[Source records]
⟨

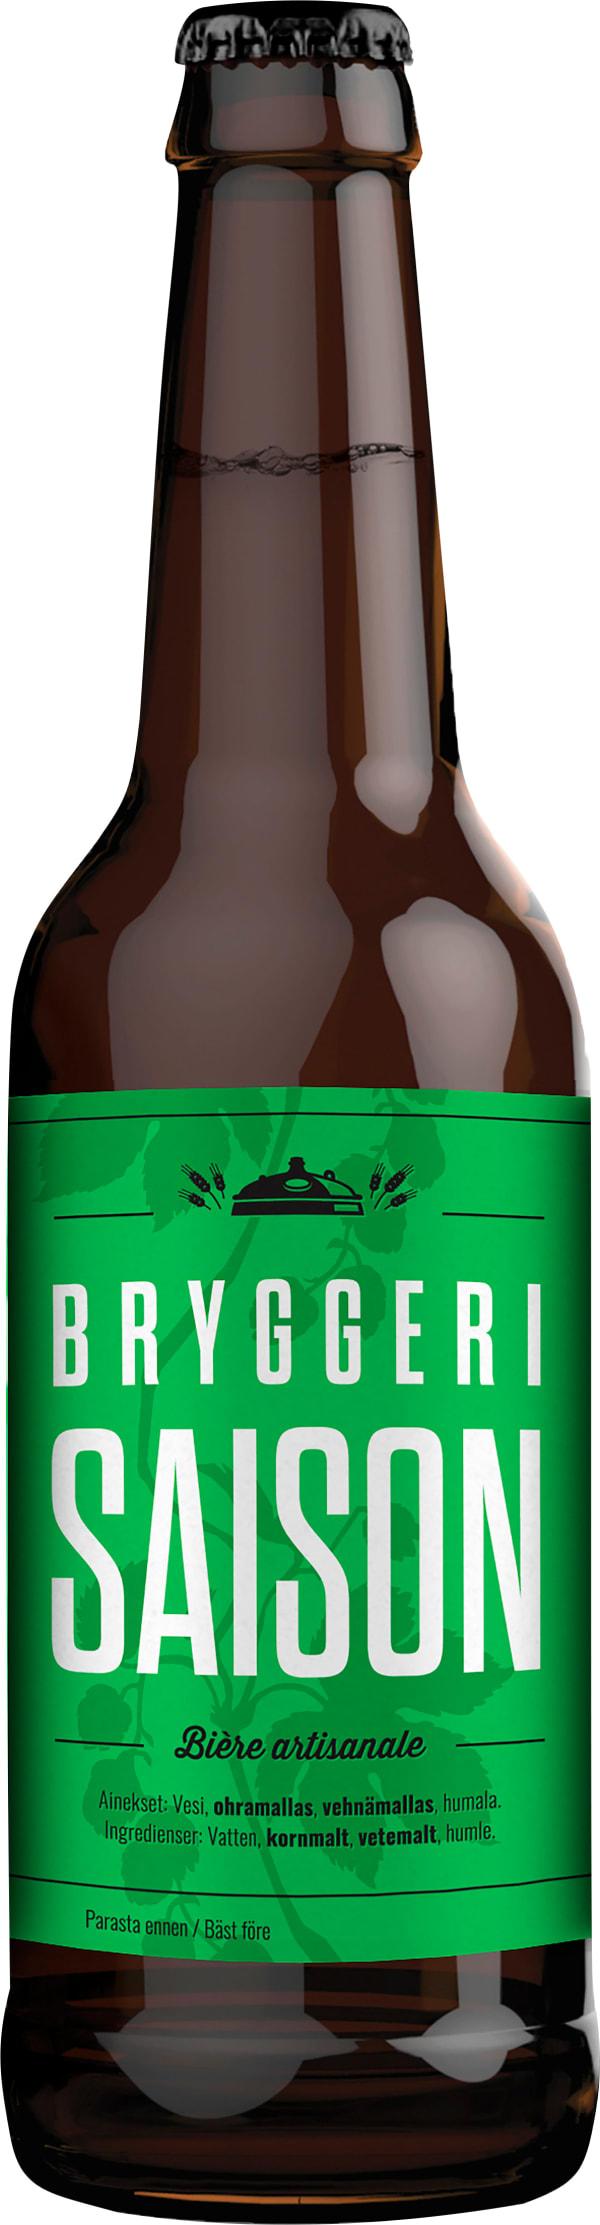 Bryggeri Saison
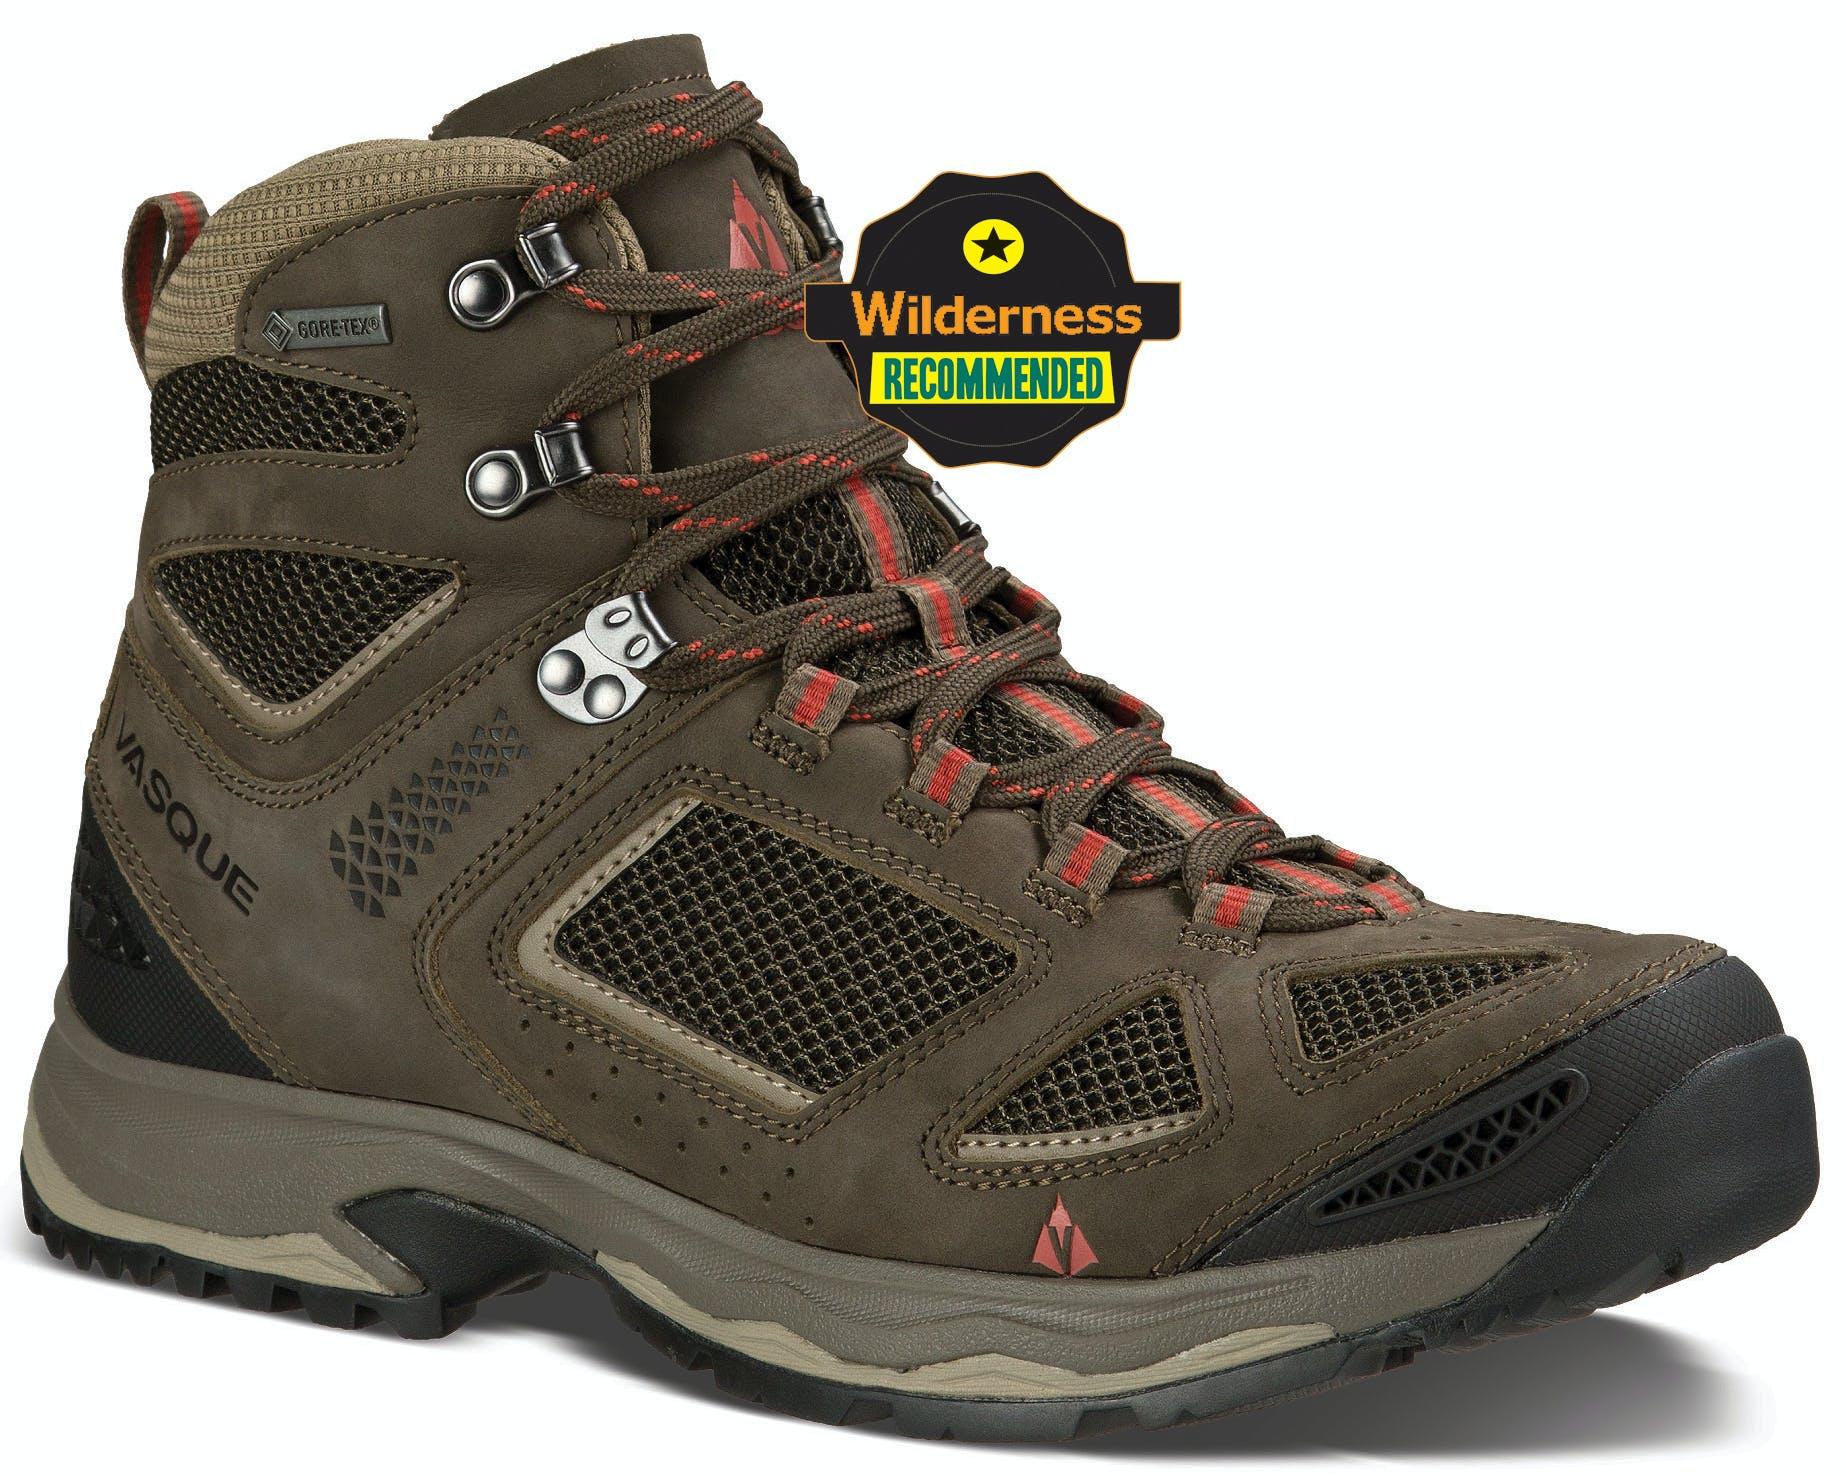 82e1f3c5eef Vasque Breeze III GTX Review - Outdoor Gear - Wilderness Magazine NZ
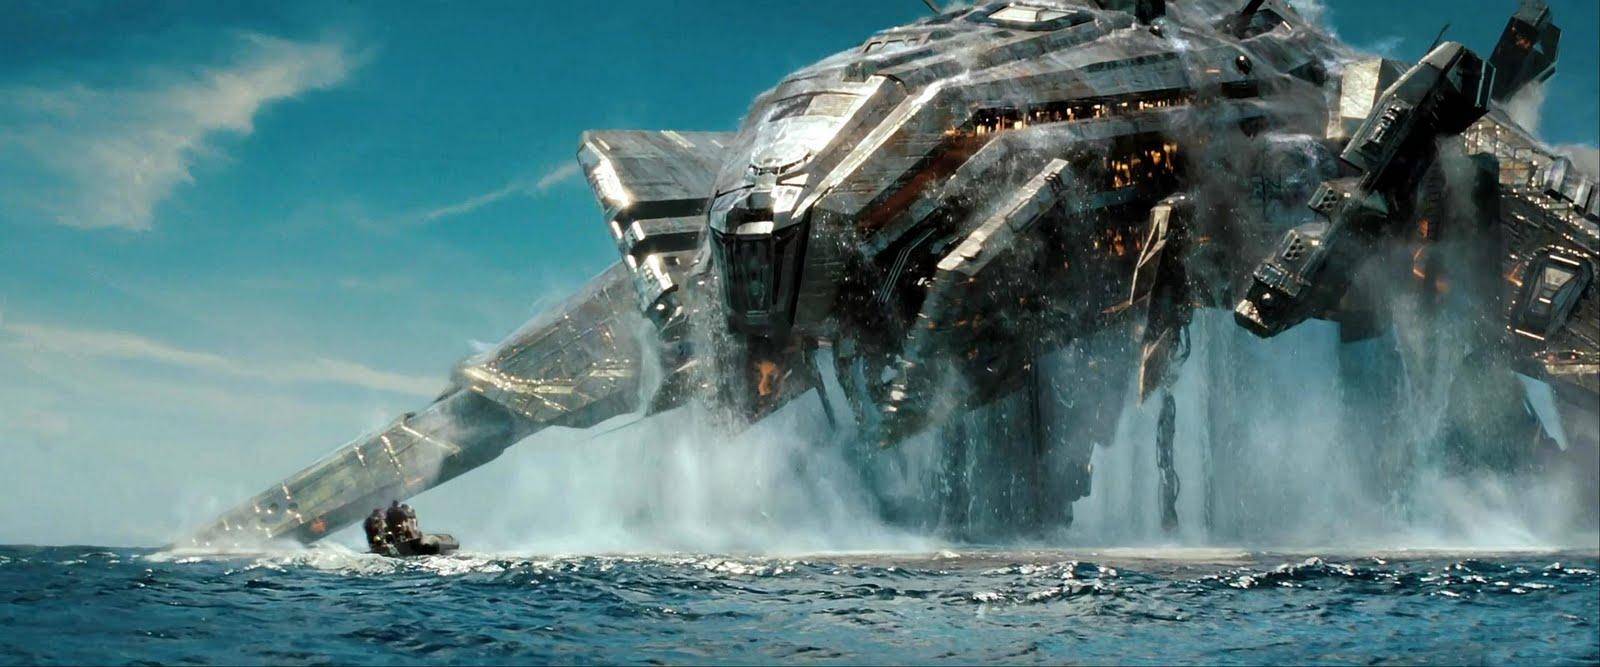 (Scene in Film Battleship)
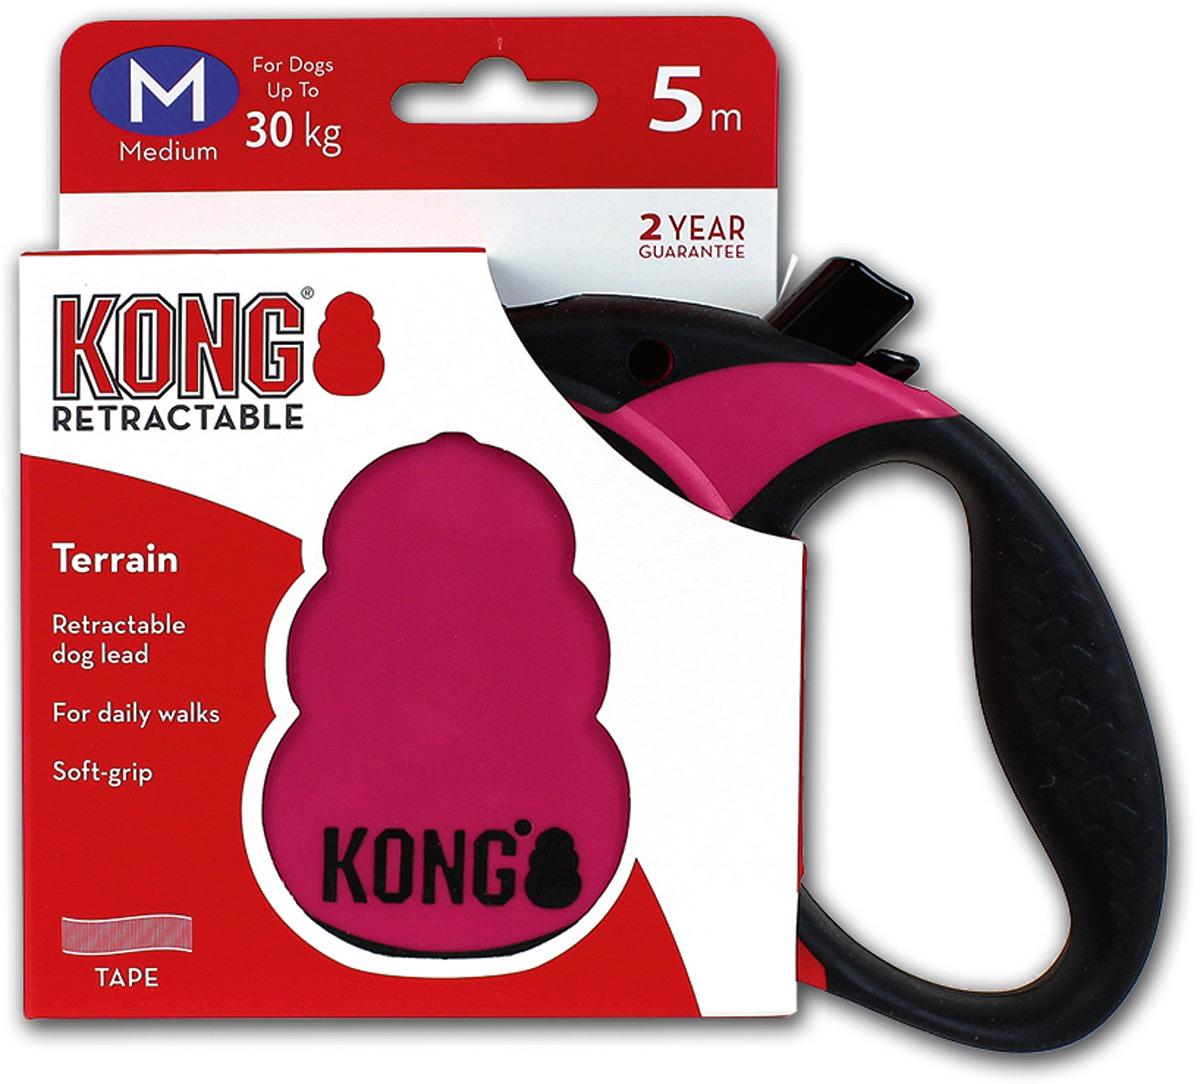 Поводок-рулетка для собак Kong Terrain M, цвет: фуксия, до 30 кг, 5 м
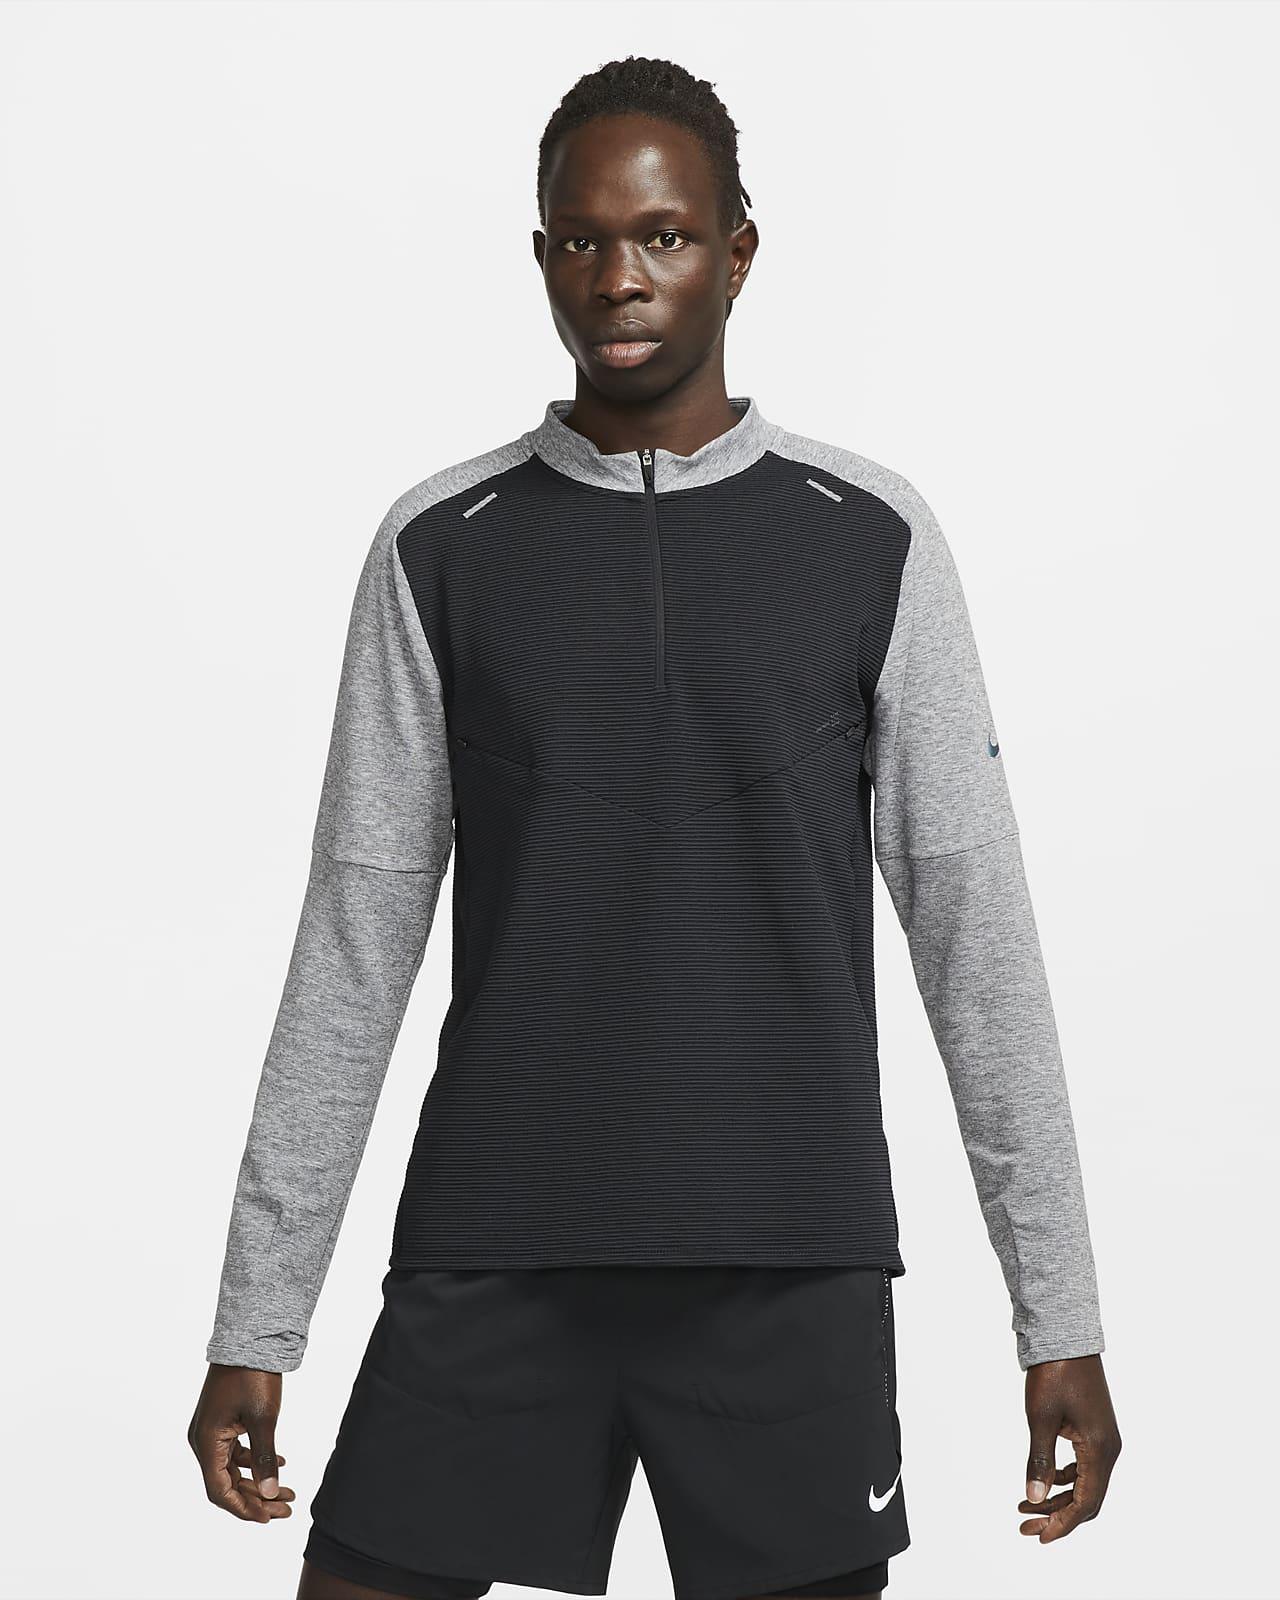 Capa media de running para hombre Nike Pinnacle Run Division

⟩

_WHAT TO DO_
Write out all the records exactly, omitting the images.

_RESULT OF THE EXERCISE_
 Bryggeri Saison
 82e1f3c5eef Vasque Breeze III GTX Review - Outdoor Gear - Wilderness Magazine NZ
 (Scene in Film Battleship)
 Поводок-рулетка для собак Kong Terrain M, цвет: фуксия, до 30 кг, 5 м
 Capa media de running para hombre Nike Pinnacle Run Division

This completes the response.